Gaussian processes are a main mathematical tool for sparse Bayesian learning and hence the relevance vector machine that will be discussed in the next section.

8.7 Relevance Vector Machine

In real-world data, the presence of noise (in regression) and class overlap (in classification) implies that the principal modeling challenge is to avoid “overfitting” of the training set. In order to avoid the overfitting of SVMs (because of too many support vectors), Tipping [39] proposed a relevant vectors based learning machine, called the relevance vector machine (RVM). “Sparse Bayesian learning” is the basis for the RVM.
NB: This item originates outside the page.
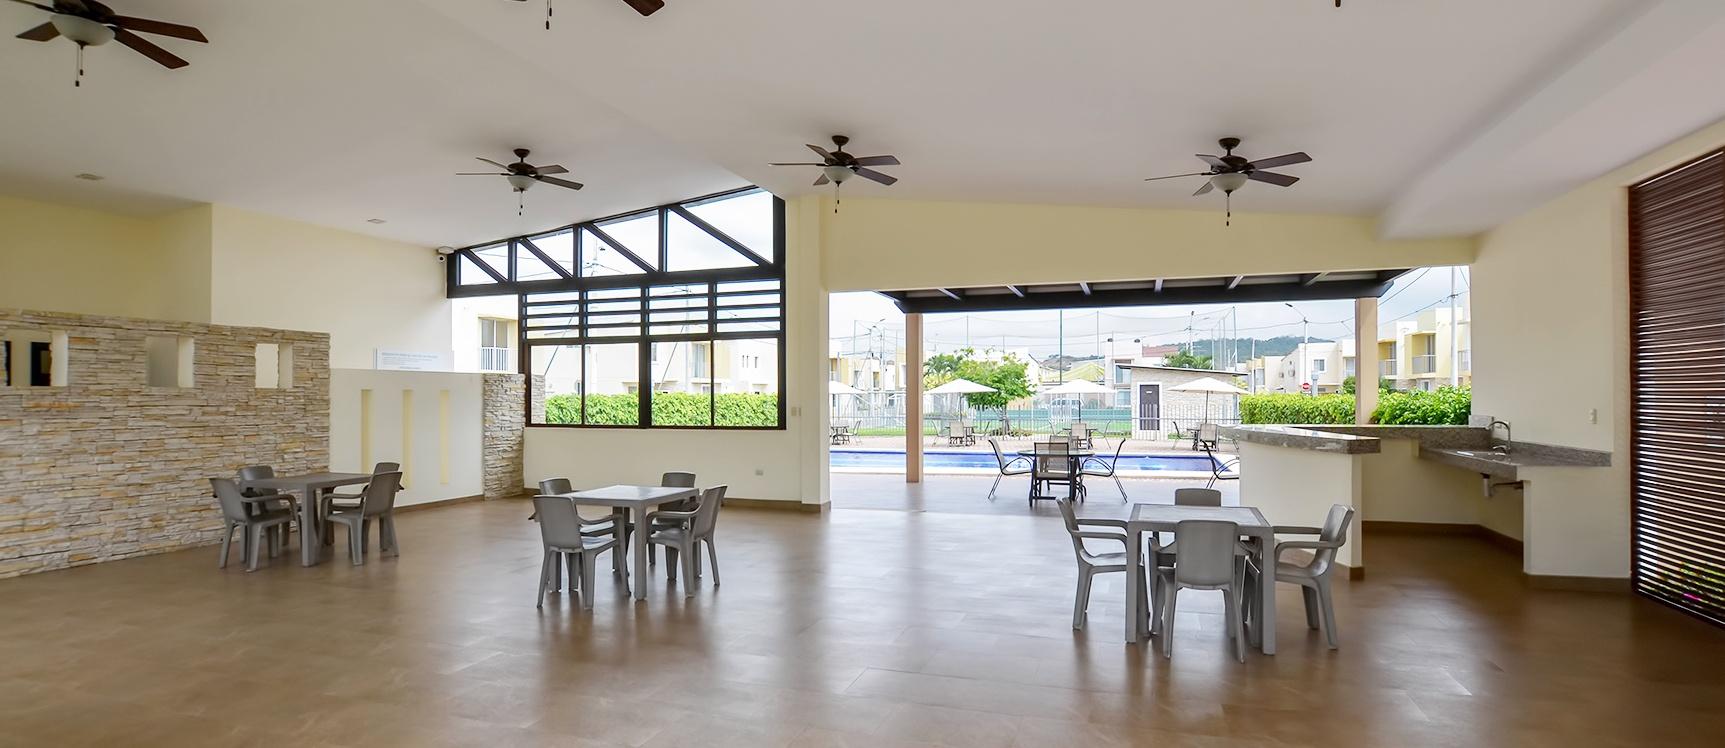 GeoBienes - Casa en alquiler en urbanización Arboletta sector Vía a Daule - Plusvalia Guayaquil Casas de venta y alquiler Inmobiliaria Ecuador

8.7.1 Sparse Bayesian Regression

We are given a set of data 
$$\{{\mathbf {x}}_n^{\,} ,t_n^{\,}\}_{n=1}^N$$
, where the “target” samples 
$$t_n^{\,} = y({\mathbf {x}}_n^{\,} )+\epsilon _n^{\,}$$
are conventionally considered to be realizations of a deterministic function y that is corrupted by some additive noise process 
$$\{\epsilon _n^{\,}\}$$
. This function f is usually modeled by a linearly weighted sum of M fixed basis functions 
$$\{\phi _m^{\,} (\mathbf {x})\}_{m=1}^M$$
:

$$\displaystyle \begin{aligned} \hat y (\mathbf{x})=\sum_{m=1}^M w_m^{\,} \phi_m^{\,} (\mathbf{x}). \end{aligned} $$
(8.7.1)
Our objective is to infer values of the parameters/weights 
$$w_m^{\,} ,m=1,\ldots ,M$$
such that 
$$\hat y (\mathbf {x})$$
is a “good” approximation of y(x).

The function approximation has two important benefits: accuracy and “sparsity.” By sparsity, it means that a sparse learning algorithm can set significant numbers of the parameters 
$$w_m^{\,}$$
to zero.

The support vector machine (SVM) makes predictions based on the function:

$$\displaystyle \begin{aligned} y(\mathbf{x};\mathbf{w})=\sum_{i=1}^N w_i K(\mathbf{x};{\mathbf{x}}_i)+{\mathbf{w}}_0,{} \end{aligned} $$
(8.7.2)
where 
$$K(\mathbf {x};{\mathbf {x}}_i^{\,} )$$
is a kernel function, effectively defining one basis function for each example in the training set.
There are two key features of the SVM:
  • This can avoid overfitting, which leads to good generalization.

  • This furthermore results in a sparse model dependent only on a subset of kernel functions.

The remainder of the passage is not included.